Problem description ->
Ignoring every picture, transcribe the data in full as it stands.

Source material ->
▬▬▬
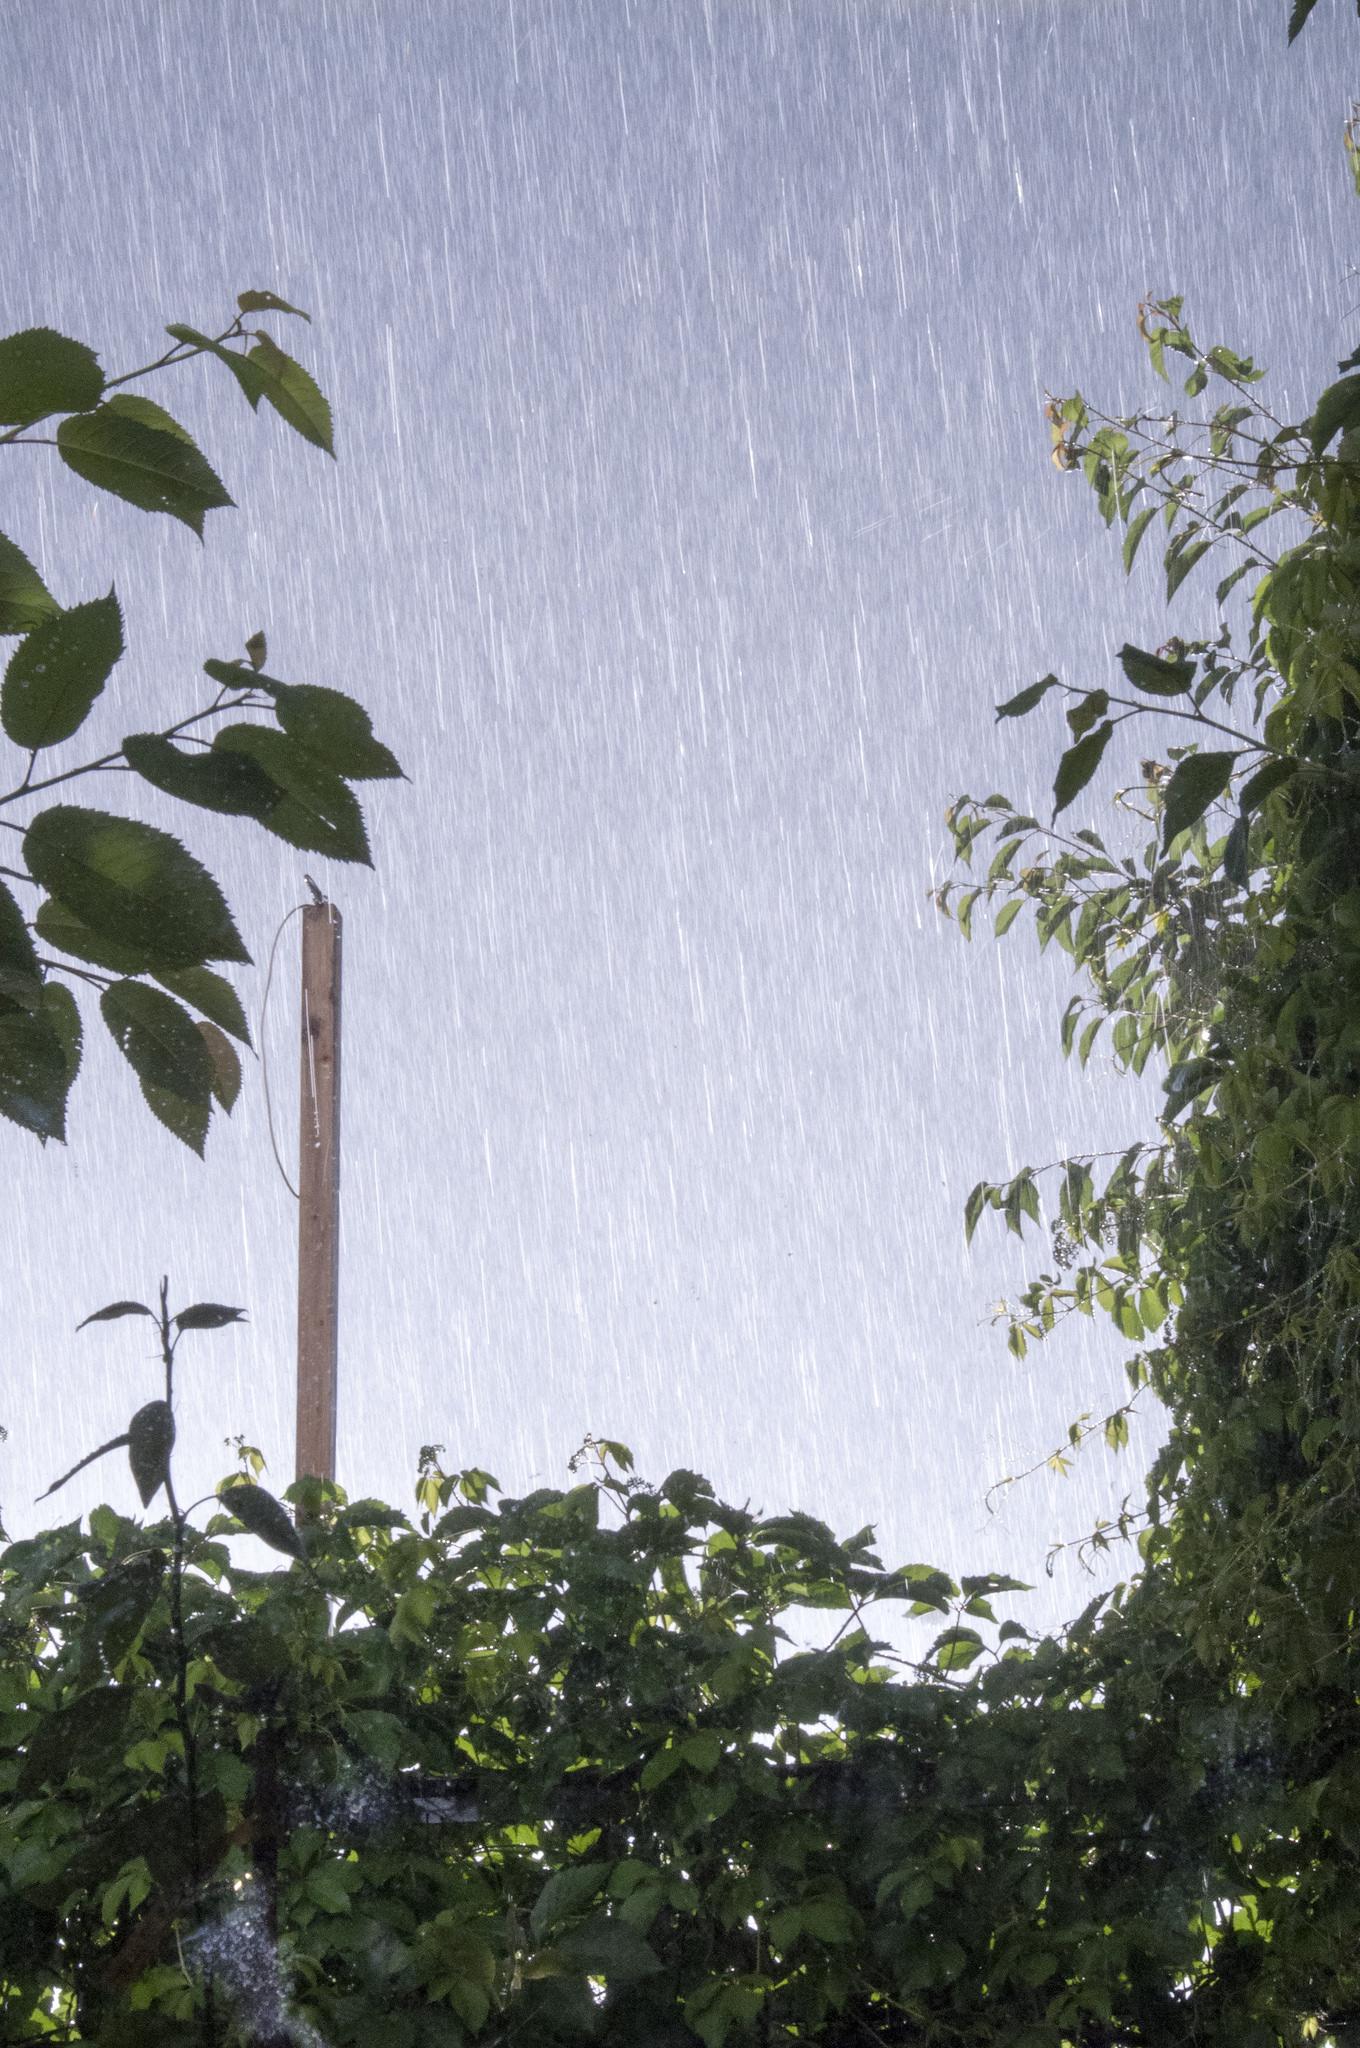 Heavy Rain by Sunshine
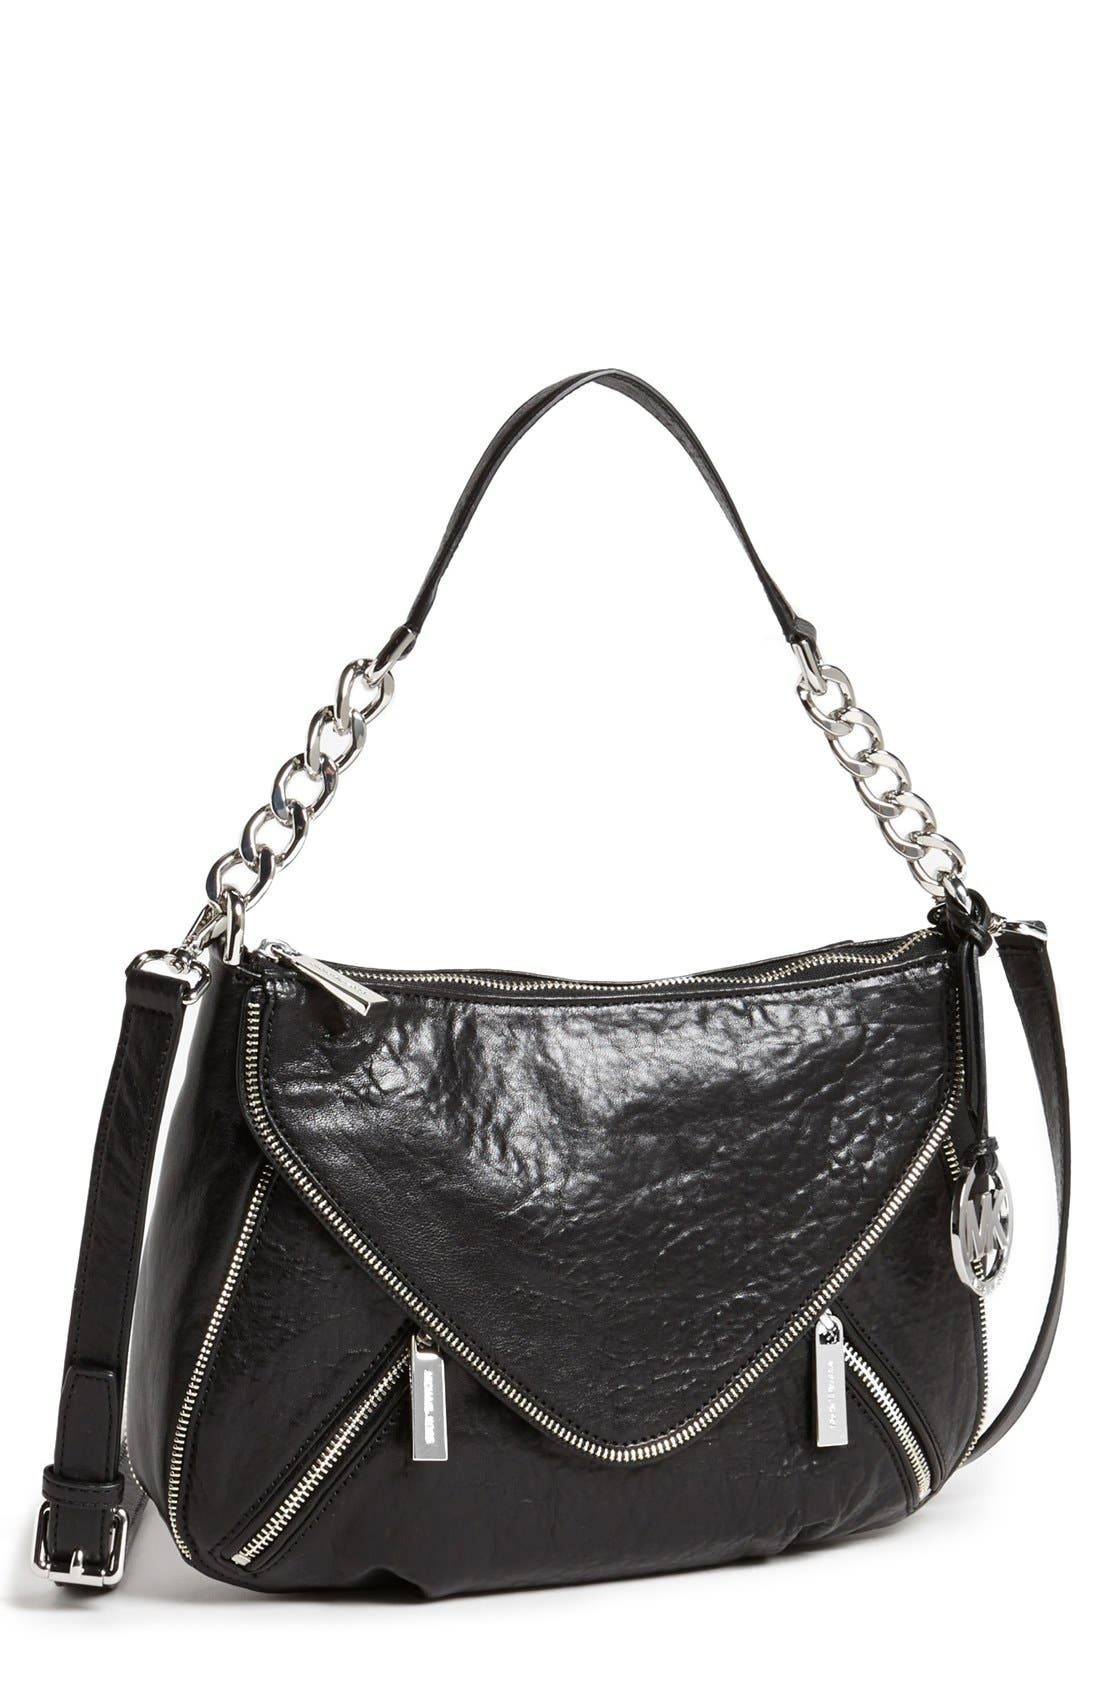 Main Image - MICHAEL Michael Kors 'Odette - Medium' Leather Crossbody Bag
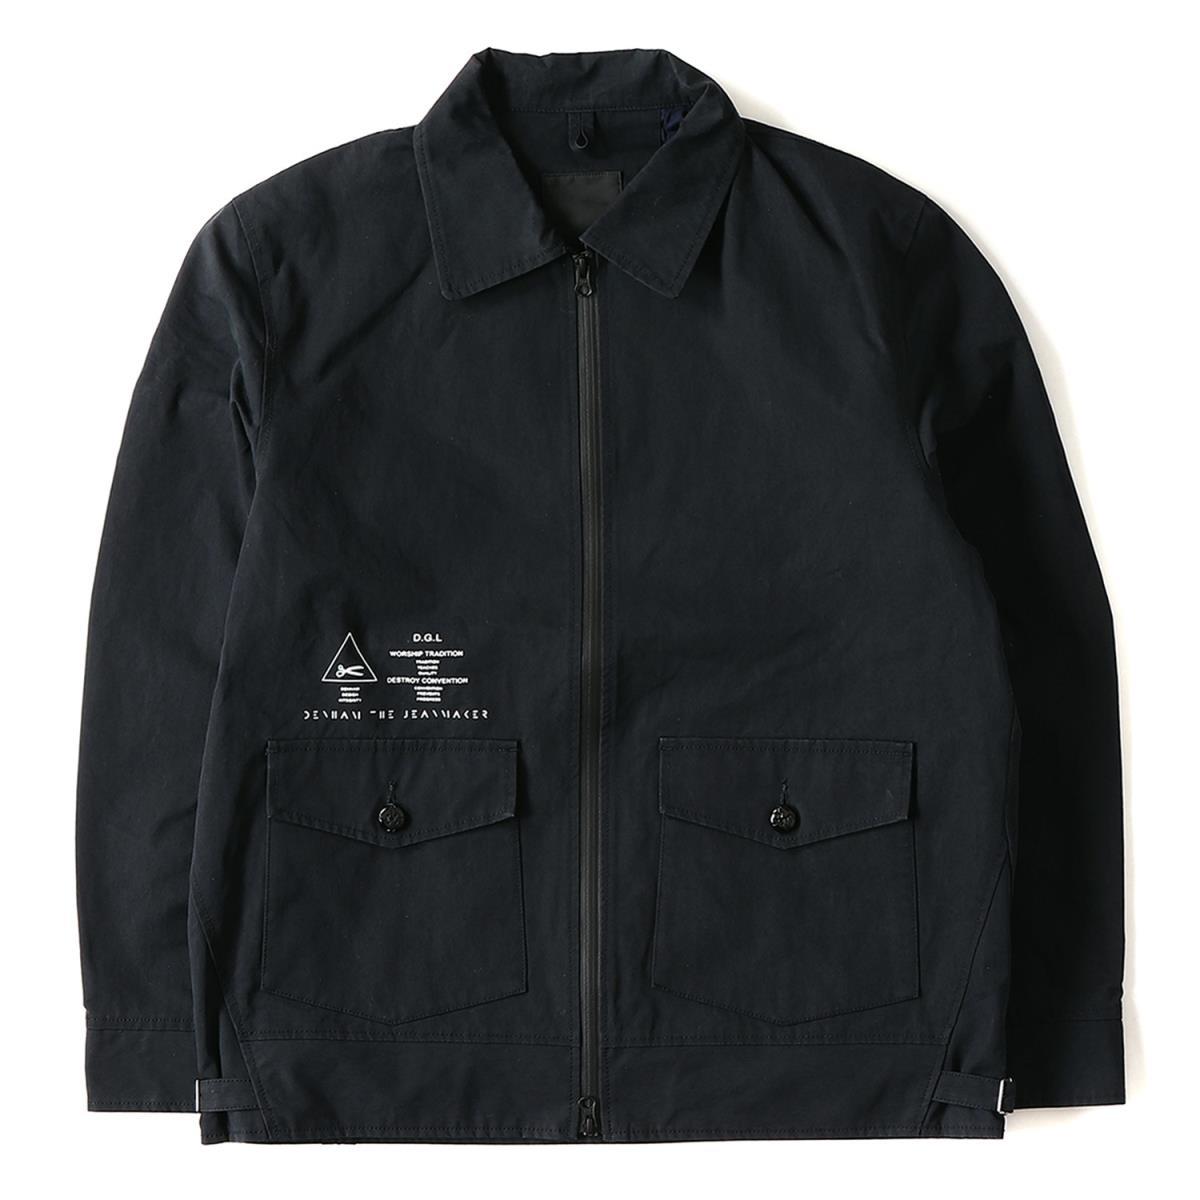 2fd6ee66f DENHAM (den ham) Japan-limited logo print T/C Bonn bar jacket (SOLID  BOMBER) navy L
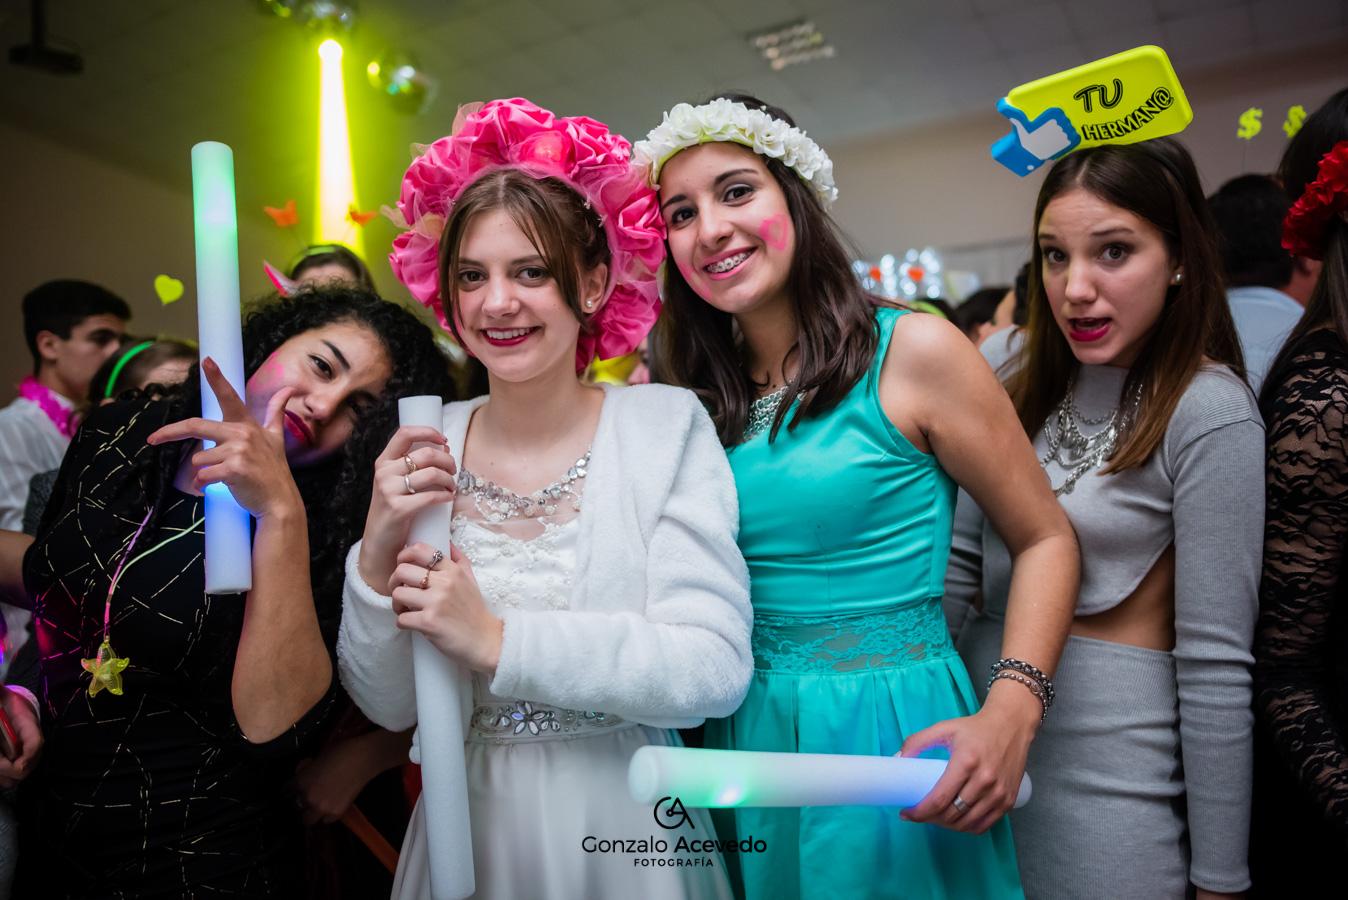 58-maru-fiesta-evento-cumpleanos-15-an-lorena-nobile-nancy-cergneux-entre-rios-salones-gonzalo-acevedo-fotografia
▬▬▬
Answer space ->
 Heavy Rain by Sunshine
 Main Image - MICHAEL Michael Kors 'Odette - Medium' Leather Crossbody Bag
 2fd6ee66f DENHAM (den ham) Japan-limited logo print T/C Bonn bar jacket (SOLID  BOMBER) navy L
 58-maru-fiesta-evento-cumpleanos-15-an-lorena-nobile-nancy-cergneux-entre-rios-salones-gonzalo-acevedo-fotografia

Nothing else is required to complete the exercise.